PROBLEM DESCRIPTION ::
In the material below, find the line with "Windfang Hauseingang Glas" and the line with "Elena - Model: Elena", then output both and every line between them exactly, omitting pictures.

SUPPLIED RECORDS ::
┏━━

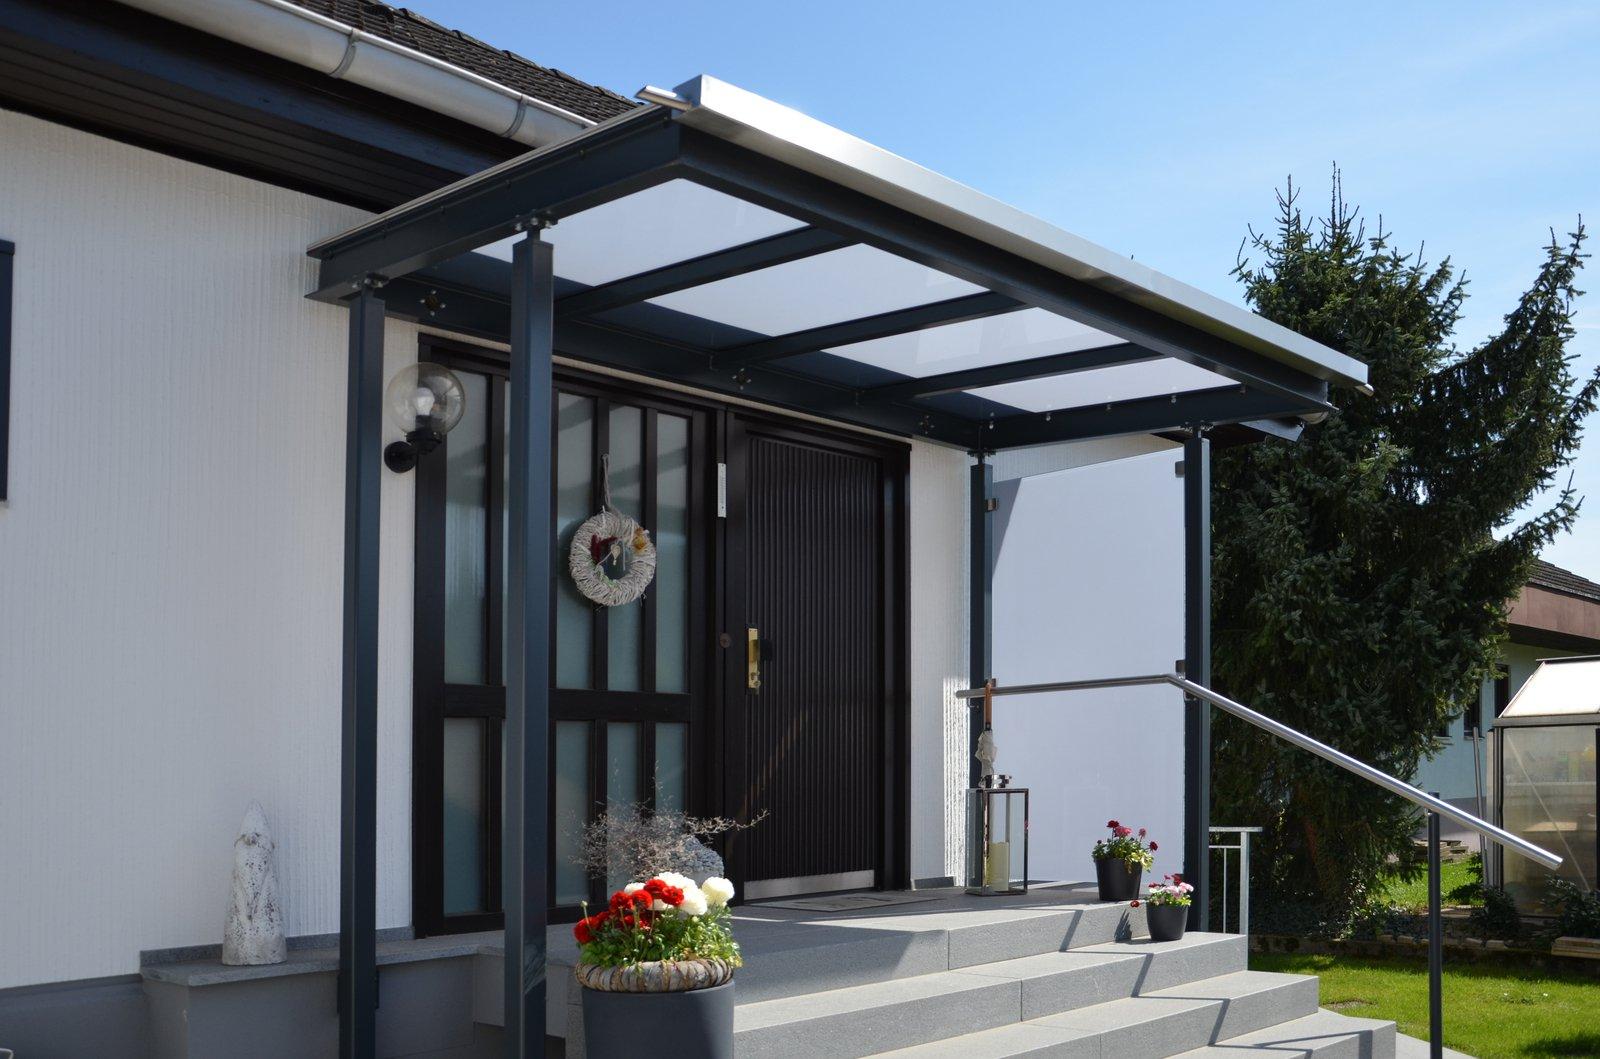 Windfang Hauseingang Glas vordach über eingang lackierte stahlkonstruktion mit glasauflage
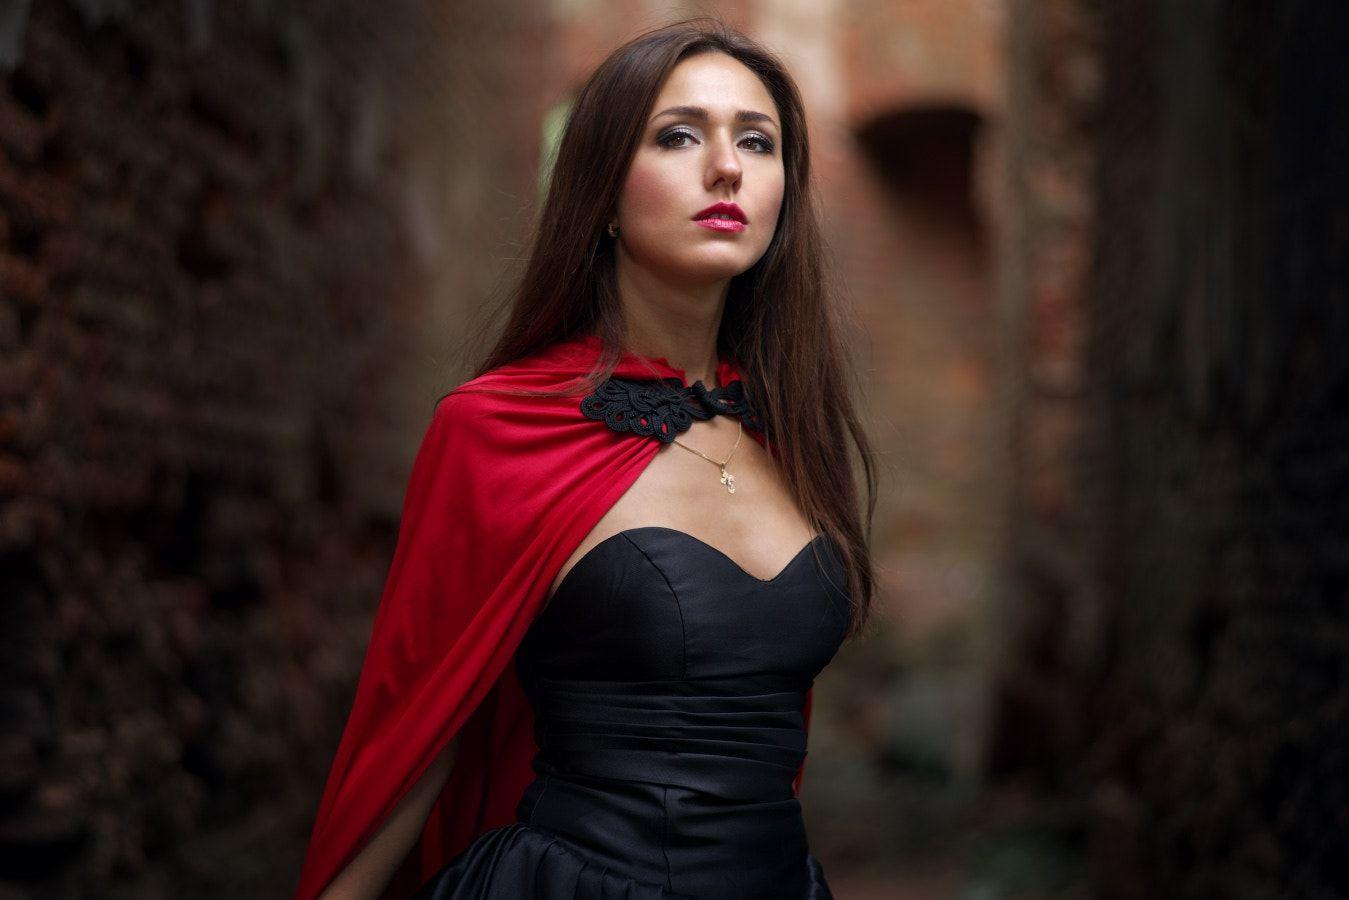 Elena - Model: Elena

┗━━
┏━━

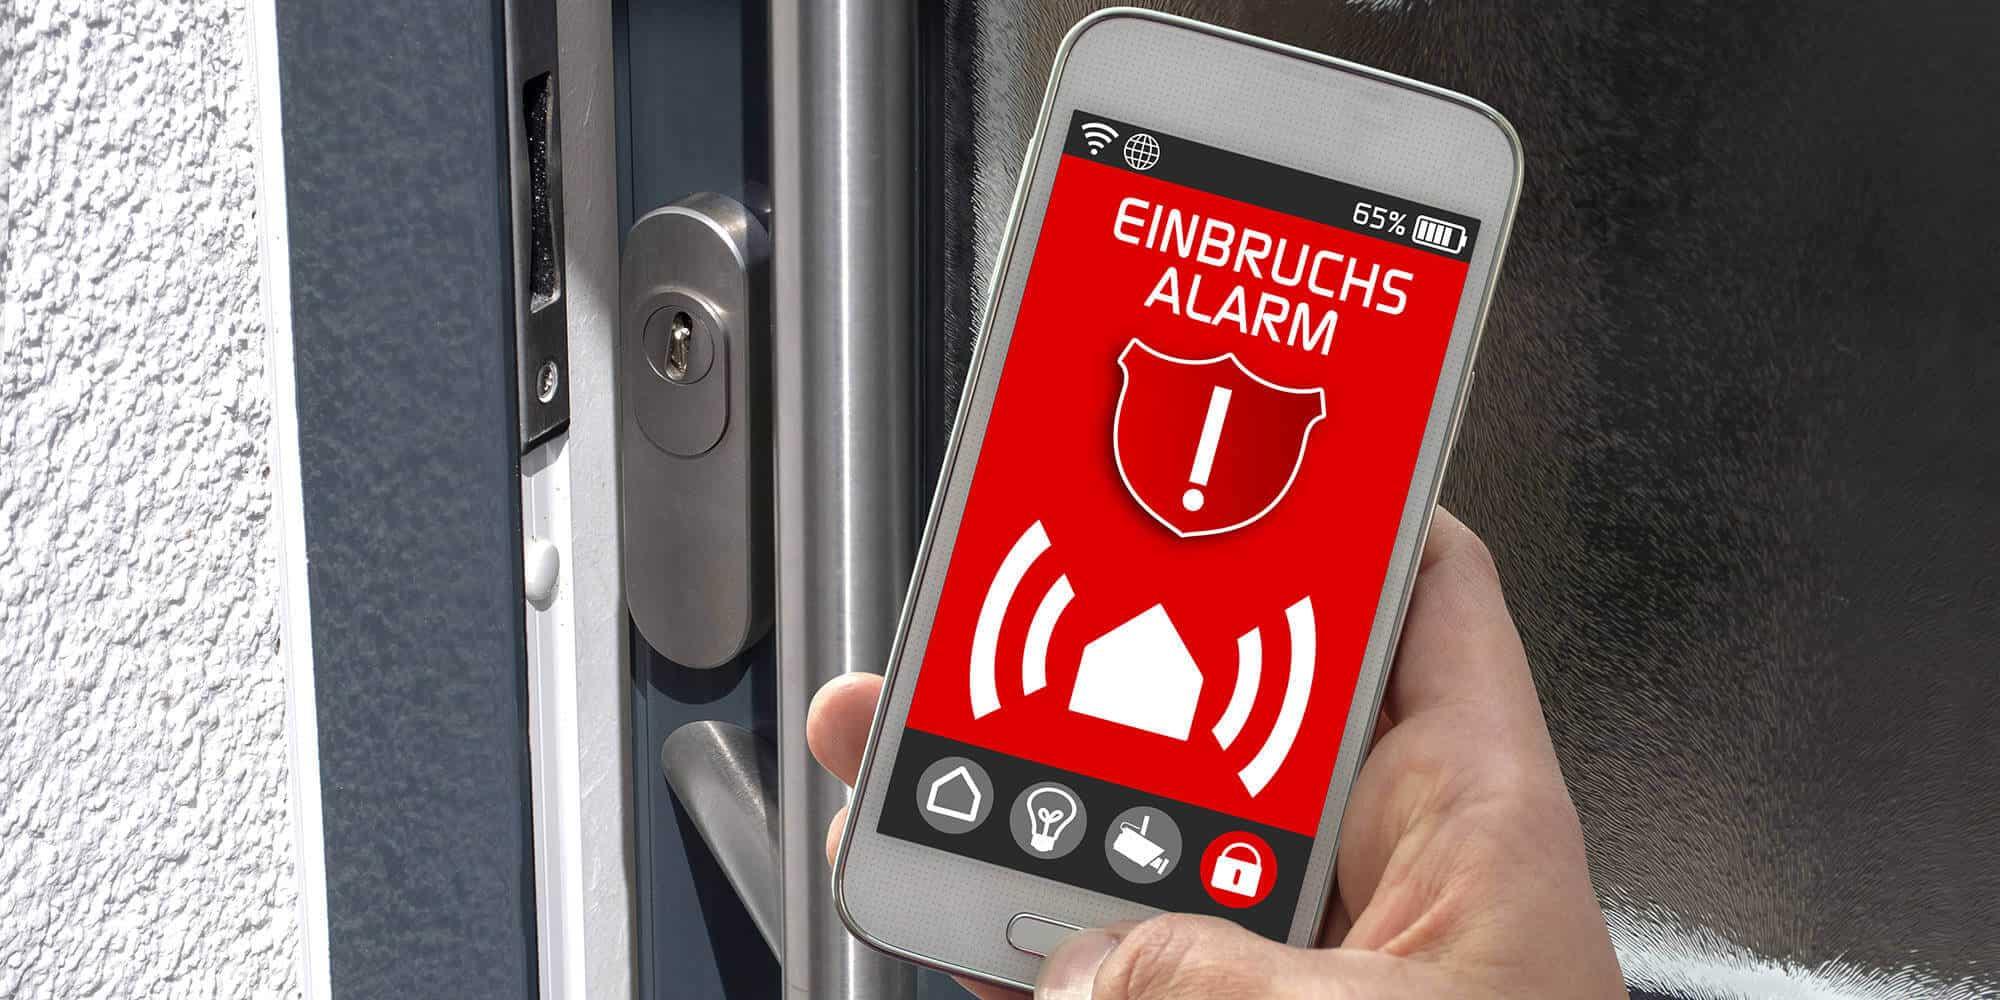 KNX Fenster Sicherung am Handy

┗━━

ANSWER FOR THIS EXERCISE ::
 Windfang Hauseingang Glas vordach über eingang lackierte stahlkonstruktion mit glasauflage
 Elena - Model: Elena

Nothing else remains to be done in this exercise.